An exact copy of the lines of the listing below between the "Mansory-Rolls-Royce-Ghost-7-1280x1280.jpg" line and the "Life in the atlantique hoop backside" line, both included, is the whole answer; please omit the pictures.

_Extracted entries_:
-=-=-=-=-
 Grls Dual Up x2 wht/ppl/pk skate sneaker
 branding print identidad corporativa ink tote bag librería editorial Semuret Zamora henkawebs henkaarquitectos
-=-=-=-=-
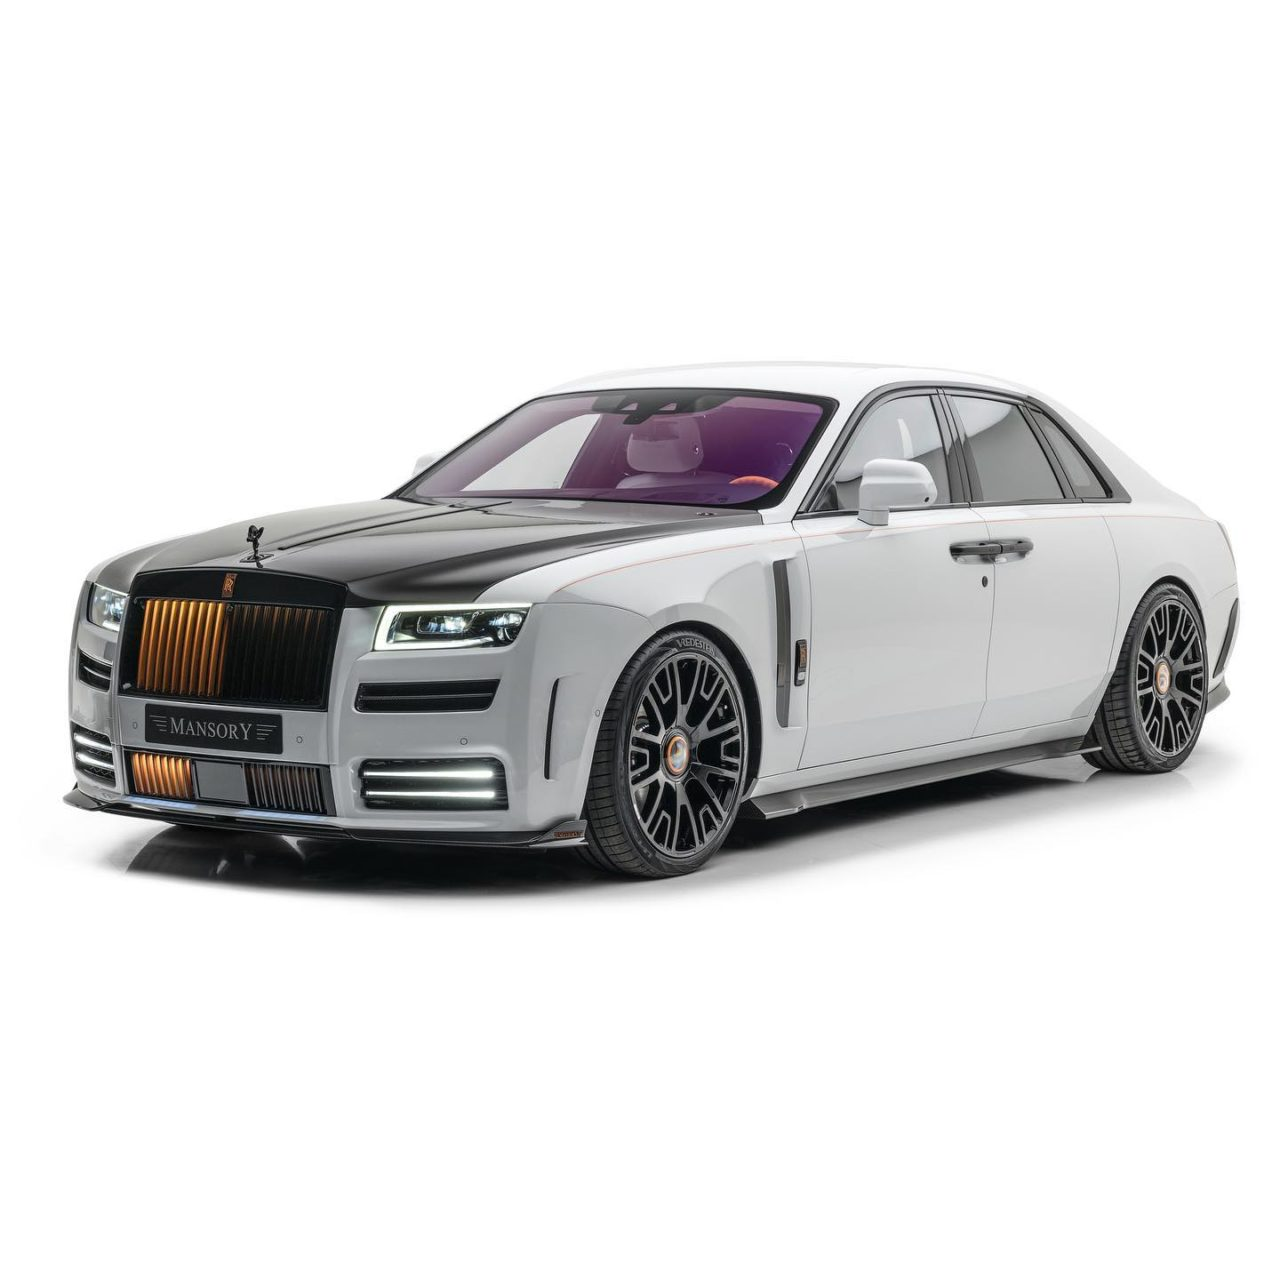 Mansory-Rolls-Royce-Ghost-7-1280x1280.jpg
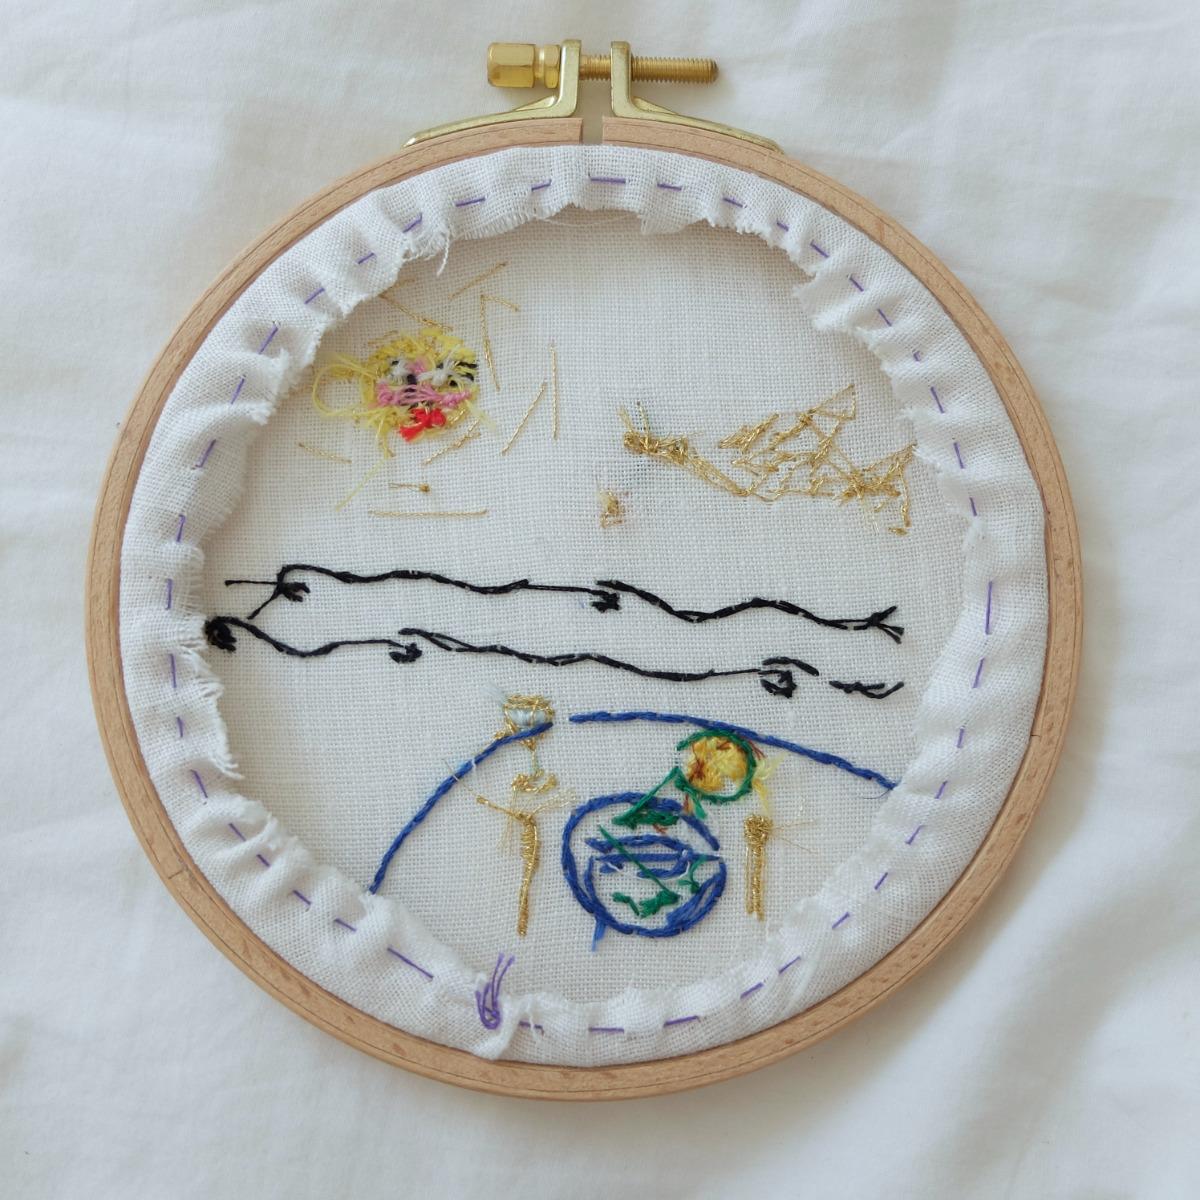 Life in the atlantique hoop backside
-=-=-=-=-
_Answer area_:
 Mansory-Rolls-Royce-Ghost-7-1280x1280.jpg
 Life in the atlantique hoop backside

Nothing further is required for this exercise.